Question 4: Explain why pure water has the maximum water potential.
Answer: Water molecules possess kinetic energy. A system with higher concentration of water has a higher kinetic energy or water potential (Ψw). Hence, pure water has the highest water potential.
Question 5: Differentiate between the following:
(a)Diffusion and Osmosis
Answer: Osmosis is a type of diffusion. When diffusion happens across a semi-permeable membrane, it is called osmosis. Semi-permeable membrane is not necessary in all cases of diffusion.
(b)Transpiration and Evaporation
Answer: Evaporative loss of water from plants is called transpiration, while conversion of water into vapour at any temperature is called evaporation.
(c) Osmotic Pressure and Osmotic Potential
Answer: The pressure which needs to be applied to prevent the inward flow of water across a semi-permeable membrane. In other words, the minimum pressure needed to negate the osmosis is called osmotic pressure. On the other hand, the ability of a solution to suck in water from across a semi-permeable membrane is called osmotic potential.
(d) Imbibition and Diffusion
Answer: Random movement of molecules to attain concentration equilibrium is called diffusion. When osmosis happens in a way that solids (colloids) take up water, it is called imbibition.
(e)Apoplast and Symplast pathways of movement of water in plants.

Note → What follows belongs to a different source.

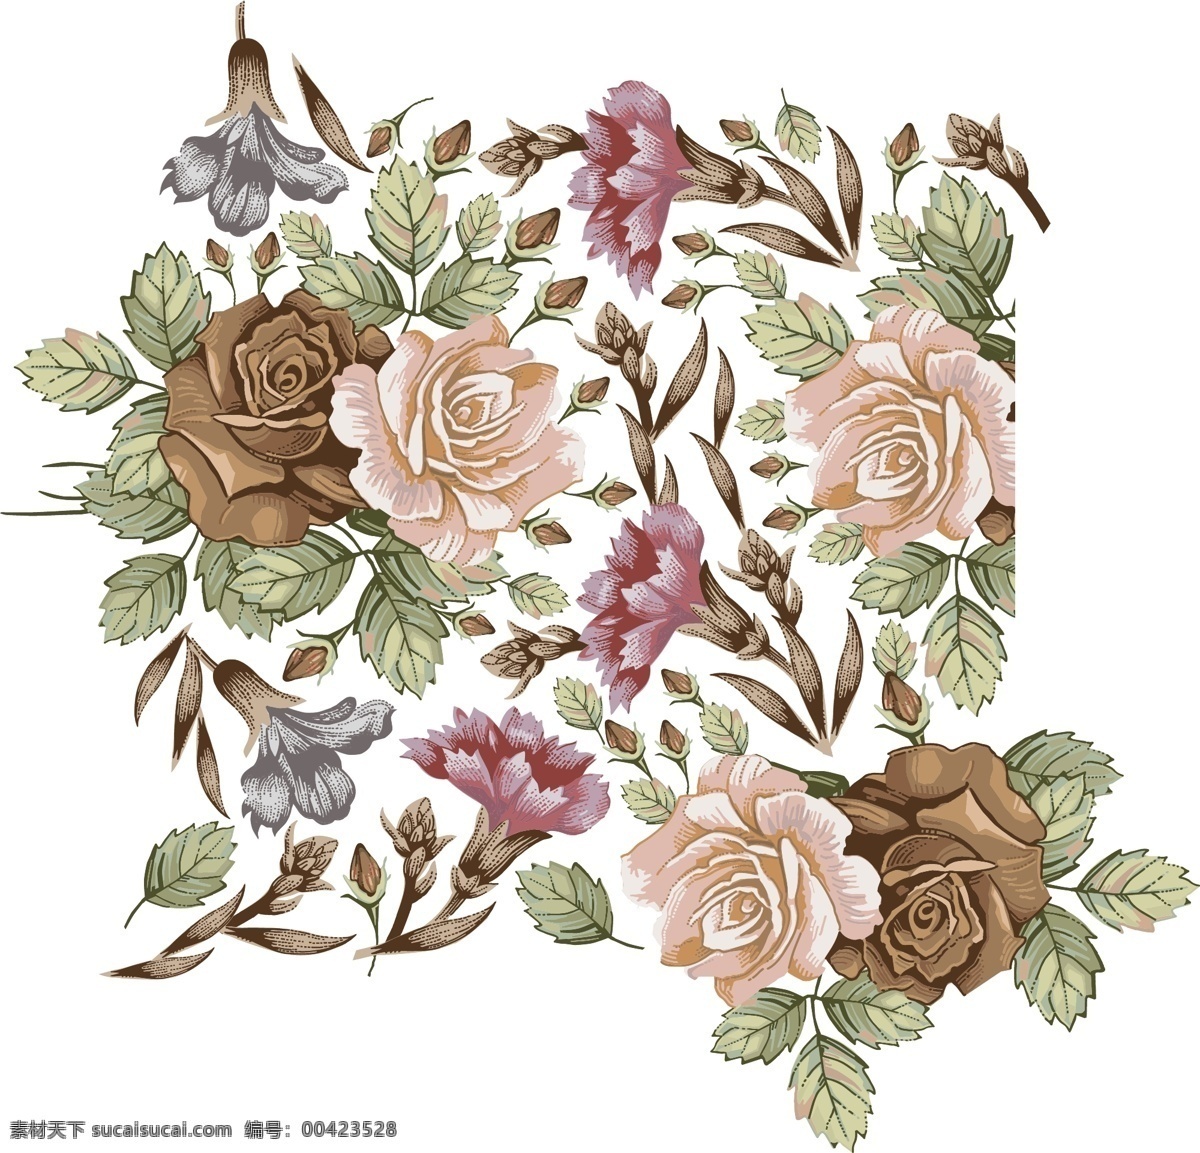 古风 典雅 线条 手绘 花卉 矢量 图案 设 线条手绘花卉 矢量图案 底纹边框 花边花纹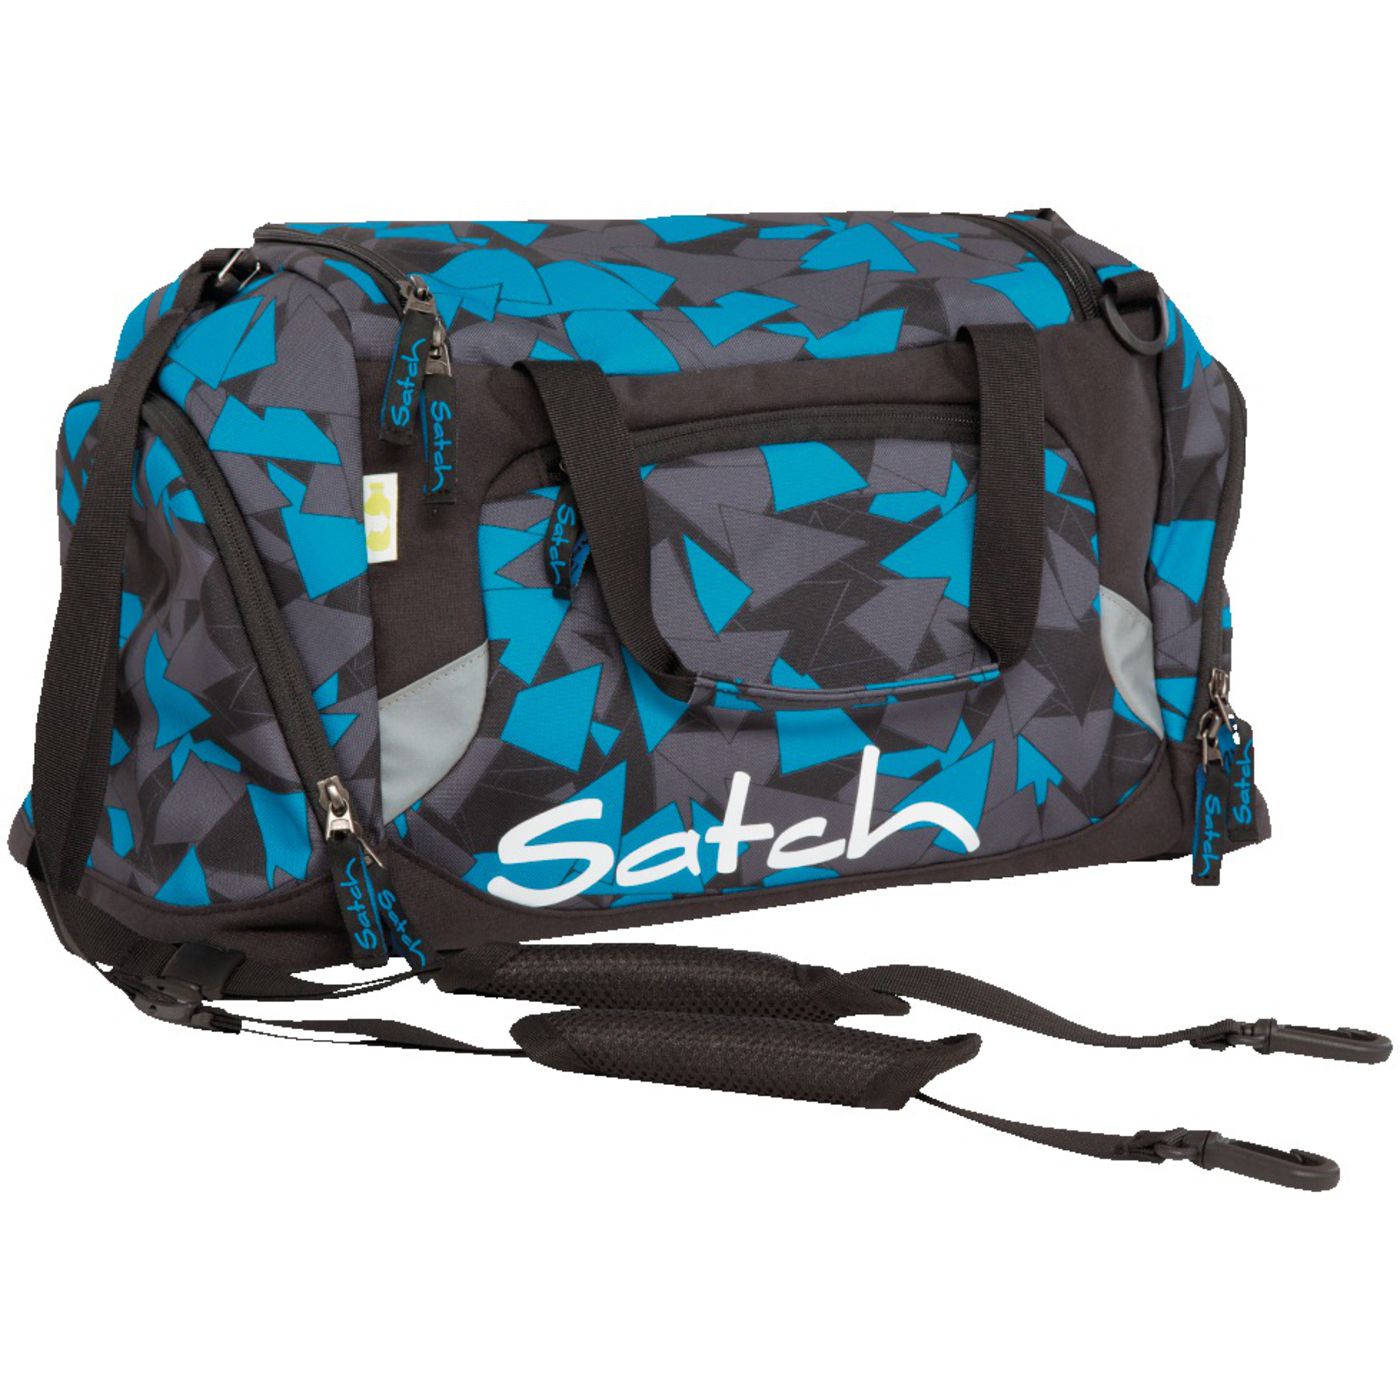 Satch спортивная сумка с ручками для переноски

|Apoplast Pathway||Symplast Pathway|
|The free diffusional space outside the plasma membrane is called apoplast.||The inner side of plasma membrane is called symplast.|
|Formed by continuum of cell walls.||Is made continuous because of plasmodesmata.|
|Water and solutes are usually transported by this.||Smaller molecules are transported through this.|
(f)Guttation and Transpiration.
Answer: Exudation of water from smaller plants; under low evaporation conditions; is called guttation. Evaporative loss of water from plants is called transpiration. In guttation, water comes out in liquid form; while in transportation, water comes out in gaseous form.
Question 6: Briefly describe water potential. What are the factors affecting it?
Answer: Water molecules possess kinetic energy. A system with higher concentration of water has a higher kinetic energy or water potential (Ψw). Pure water has the highest water potential. Solutions have lower water potential than pure water. Solute potential and pressure potential are the two factors which affect water potential.
Question 7: What happens when a pressure greater than the atmospheric pressure is applied to pure water or a solution?
Answer: If a pressure; greater than atmospheric pressure is applied to pure water or a solution, its water potential increases. This happens because of pressure potential which develops due to increased pressure.
Question 8: With the help of well-labelled diagrams, describe the process of plasmolysis in plants, giving appropriate examples.
Answer: When a plant cell is placed in hypertonic solution, the plant cell loses water and hence it loses the turgor pressure. This makes the cell flaccid. The plant cells wilt in this condition. Further water loss results in plasmolysis. At this point, the pressure decreases to an extent where the protoplasm of the cell peels away from the cell wall. This leaves gaps between the cell wall and the membrane. This can also lead to cytorrhysis or complete collapse of the cell wall. Plasmolysis can be reversed by putting the cell in hypotonic solution.
Question 9: Explain what will happen to a plant cell if it is kept in a solution having higher water potential.
Answer: A hypotonic solution has higher water potential. When a plant cell is placed in hypotonic solution, the cell gains water and thus gains turgor pressure. This leads to the cell getting swollen. But the rigidity of the cell wall, prevents the cell from bursting.
Question 10: How is the mycorrhizal association helpful in absorption of water and minerals in plants?
Answer: Mycorrhiza is a symbiotic association of a fungus with a root system. The hyphae form a network around young roots and thus increase the surface area. This helps in getting access to more water and minerals for the plants.
Question 11: What role does root pressure play in water movement in plants?
Answer: Root pressure can only provide a modest push. Hence root pressure does not play a major role in water movement in tall plants. Root pressure contributes towards reestablishment of continuous chains of water molecules in the xylem; which often break under enormous tensions created by transpiration pull.
Question 12: Describe transpiration pull model of water transport in plants. What are the factors influencing transpiration? How is it useful to plants?
Answer: Transpiration creates a suction force inside the xylem. This suction force is called transpiration pull. This is powerful enough to pull the water column from beneath. Adhesion, cohesion and surface tension are the important physical properties of water which further help in the upward movement of water through xylem.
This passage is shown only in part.